=== Section Start ===

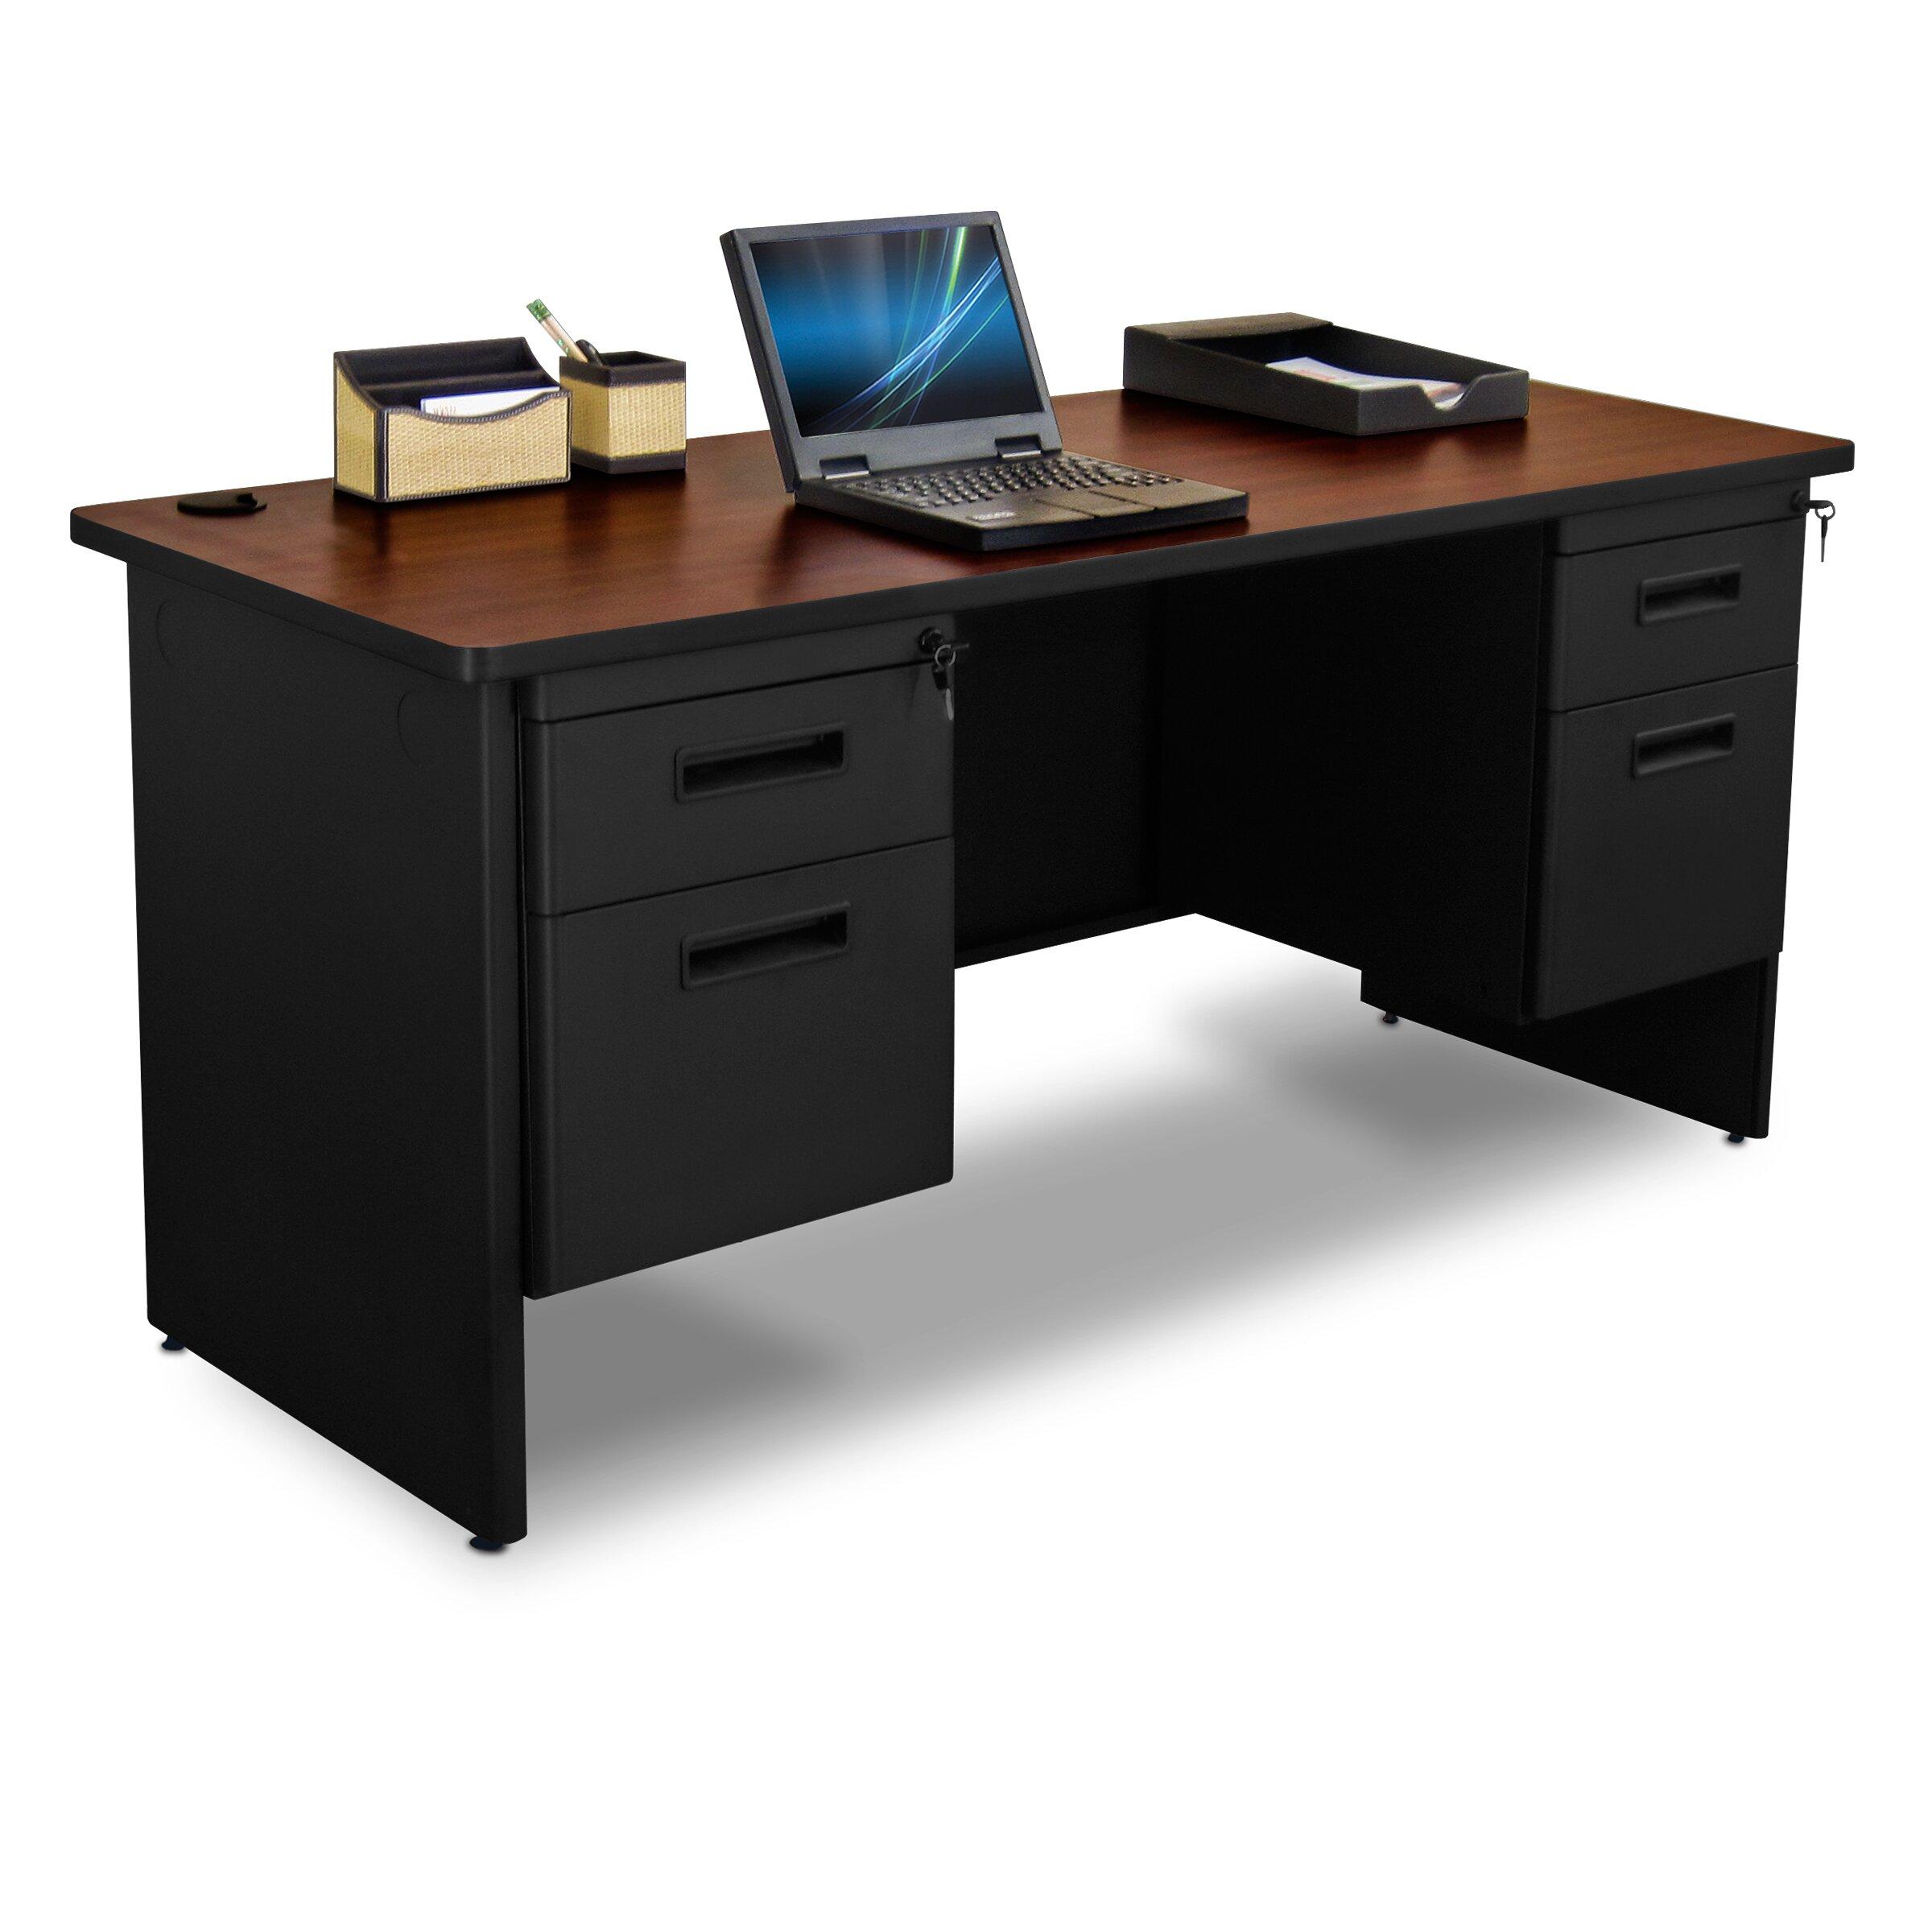 marvel desks images - reverse search
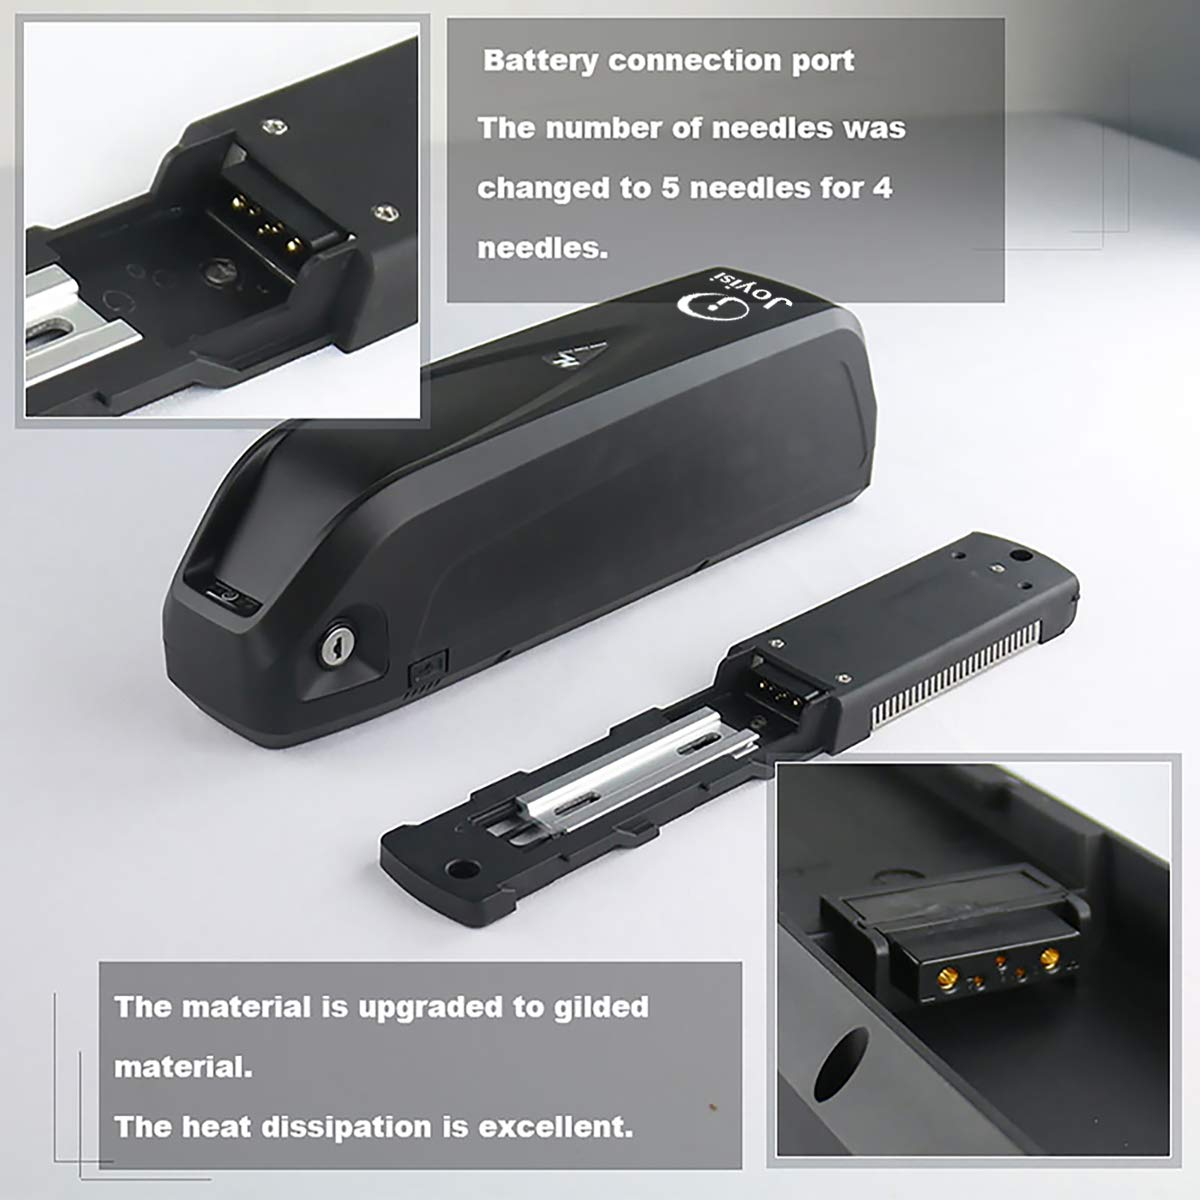 Electric Bike Battery for 1000W // 500W Bike Motor USB Port Joyisi Ebike Battery 48V 13AH // 36V 15AH Lithium ion Battery with Charger Black
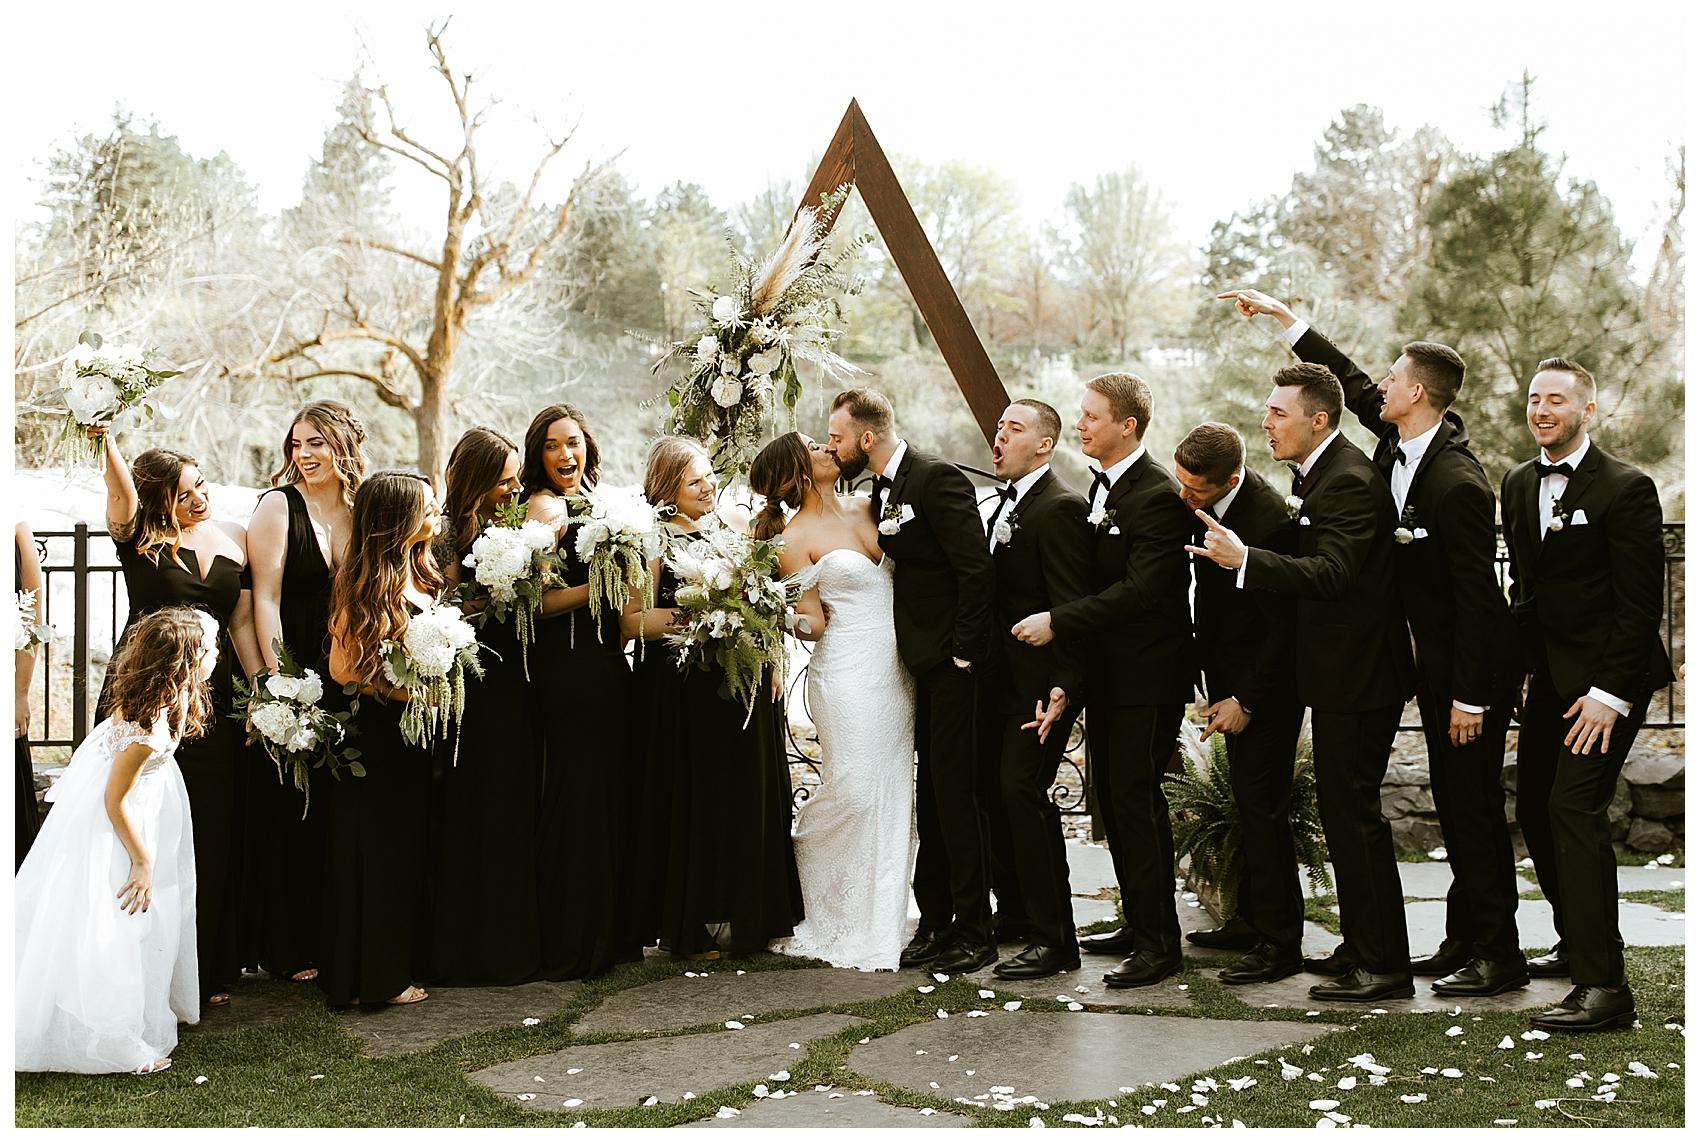 Chateau Rive Spokane Wedding Cassie Trottier Photography01065.jpg
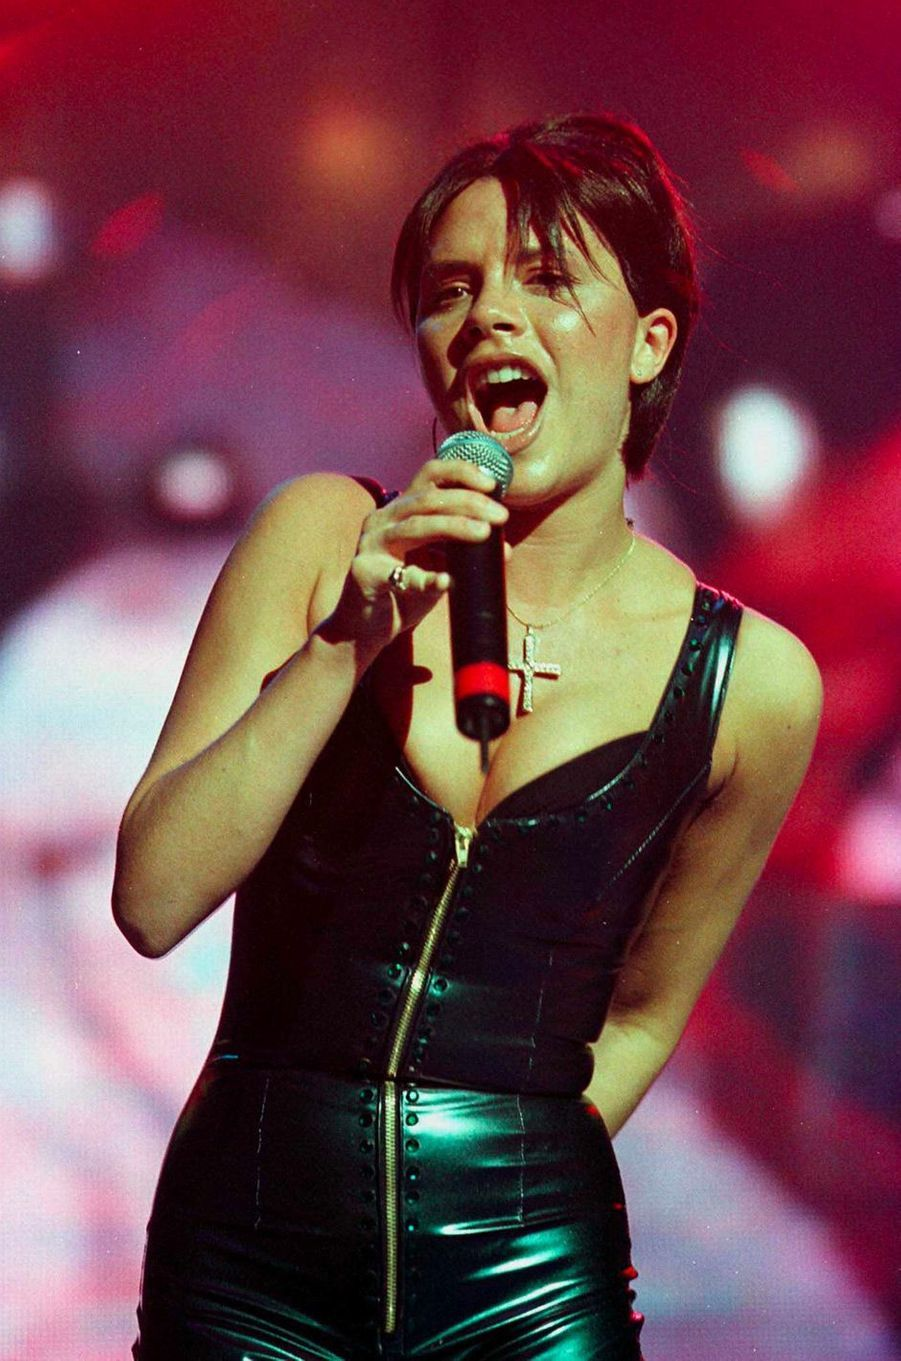 Victoria Beckham, aka Posh Spice, le 15 juin 1998

=== Section End ===

- _Try it_: Restate the whole listing above exactly, please, omitting every image.

- _Expected answer_:
 marvel desks images - reverse search
 Electric Bike Battery for 1000W // 500W Bike Motor USB Port Joyisi Ebike Battery 48V 13AH // 36V 15AH Lithium ion Battery with Charger Black
 Chateau Rive Spokane Wedding Cassie Trottier Photography01065.jpg
 Victoria Beckham, aka Posh Spice, le 15 juin 1998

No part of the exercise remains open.